I sent out a new circuit board design to a PCB fab house last week, but was put on hold multiple times for the reason of “insufficient copper to copper spacing”.  I have been using the same PCB fab for quite a long time, and I’m quire sure that the design was correct, at least my EDA software (Altium Design) didn’t report any error when running the DRC (design rule check). In order to triple check that my design meets the fab’s mini trace/space capability (6mil), I even increased the minimum clearance rule from 6mil to 6.1mil, which, of course, was a nightmare as I had to go through all the wiring again. It drove me nuts when I was put on hold again for the same reason, which really confused me.

The CAM engineer told me there were more than 50 instances of copper to copper spacing less than their requirement (6mil), most of which read something like 5.5 mil or 5.7mil.  The single decimal place of those numbers seems very suspicious — was the gerber file accurate enough? After going over all the parameters regarding fabrication file export, I finally figured out why:

After your PCB design is finished, you choose “File” -> “Fabrication Outputs” -> “Gerber files” to launch the CAM conversion setup. The first tab of the diagram contains the accuracy setup “Format”. As is explained, “2:3″ gives 1mil resolution,”2:4” is 0.1mil and “2:5” is 0.01mil. Apparently, if you choose “2:3” for gerber export, the decimal part of all your coordinates will be trimmed to 1mil resolution. This also means all your design is virtually moved a little bit because of the trimming, and you have no idea how the trimming is calculated, whether intelligently or not.  For sure this is going to break your restraint regarding trace spacing.


However, “Gerber Setup” is not actually generating your gerber files. Instead, it converts your design to CAMtastic (.cam) file. You can think of CAMtastic as some sort of filming process, in which all your trace/silkscreeen/drill holes are retained with netlist/relationship being removed. Now you need to output layers in your CAM file respectively, which usually contains the final format the fab house takes.

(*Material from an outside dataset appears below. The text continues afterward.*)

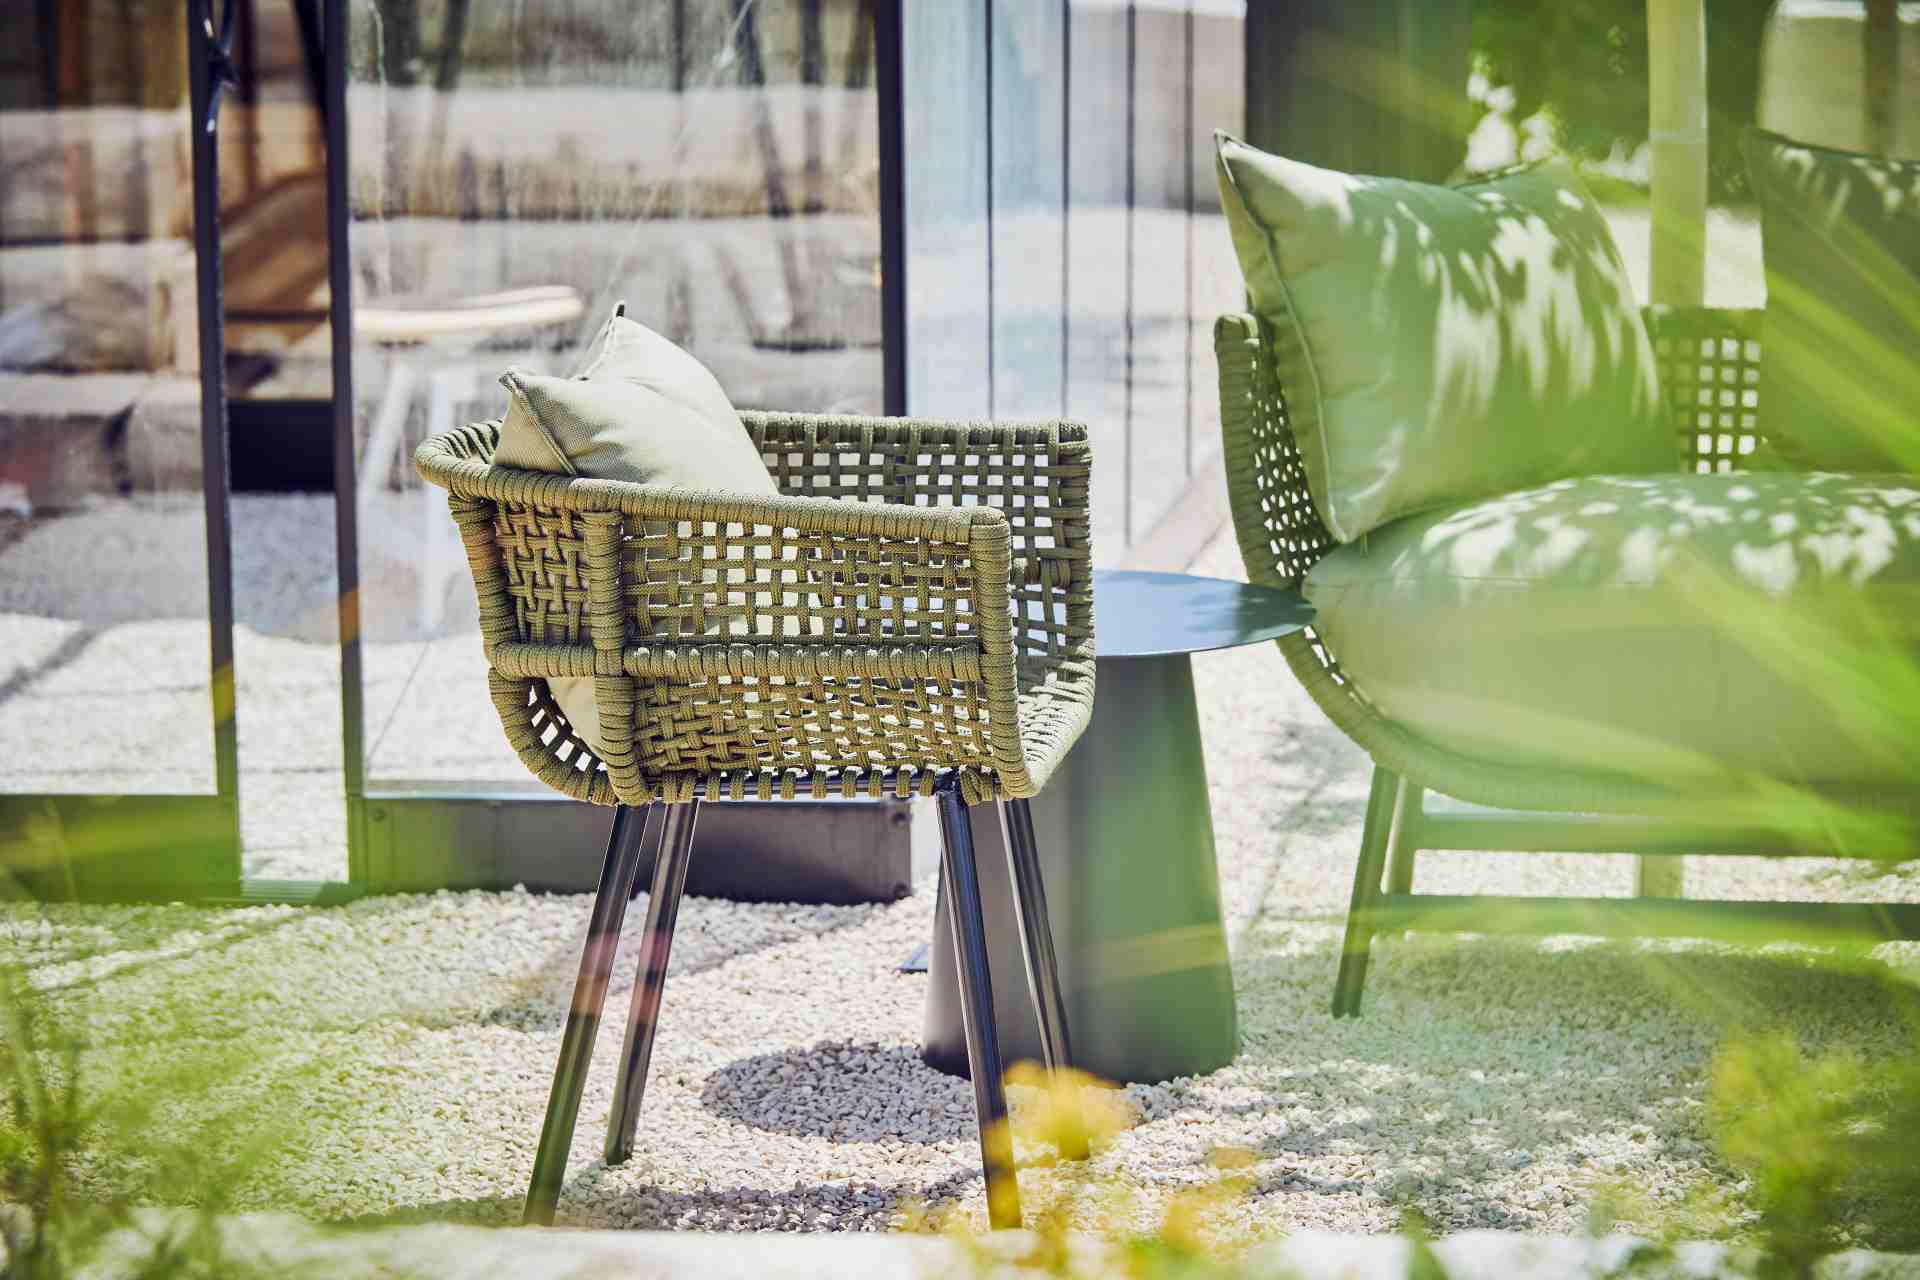 Bequemes Rückenkissen für den Gartenstuhl Saku der Marke Jan Kurtz. In der Farbe Olive. Outdoor geeignet.

Then, here comes another dialog, and this is exactly where I got screwed:

In your CAMtastic window, go to “Export” -> “Gerber”, the following windows pops up:


Pay attention to the “Format” again, this is very last setup that is really going to affect your output resolution. The one I mentioned before was the resolution for CAM, and this one is for the gerber file. Make sure you choose as high resolution as you want since the default seems to be “2:3”, which caused my design failing the PCB house’s sanity test.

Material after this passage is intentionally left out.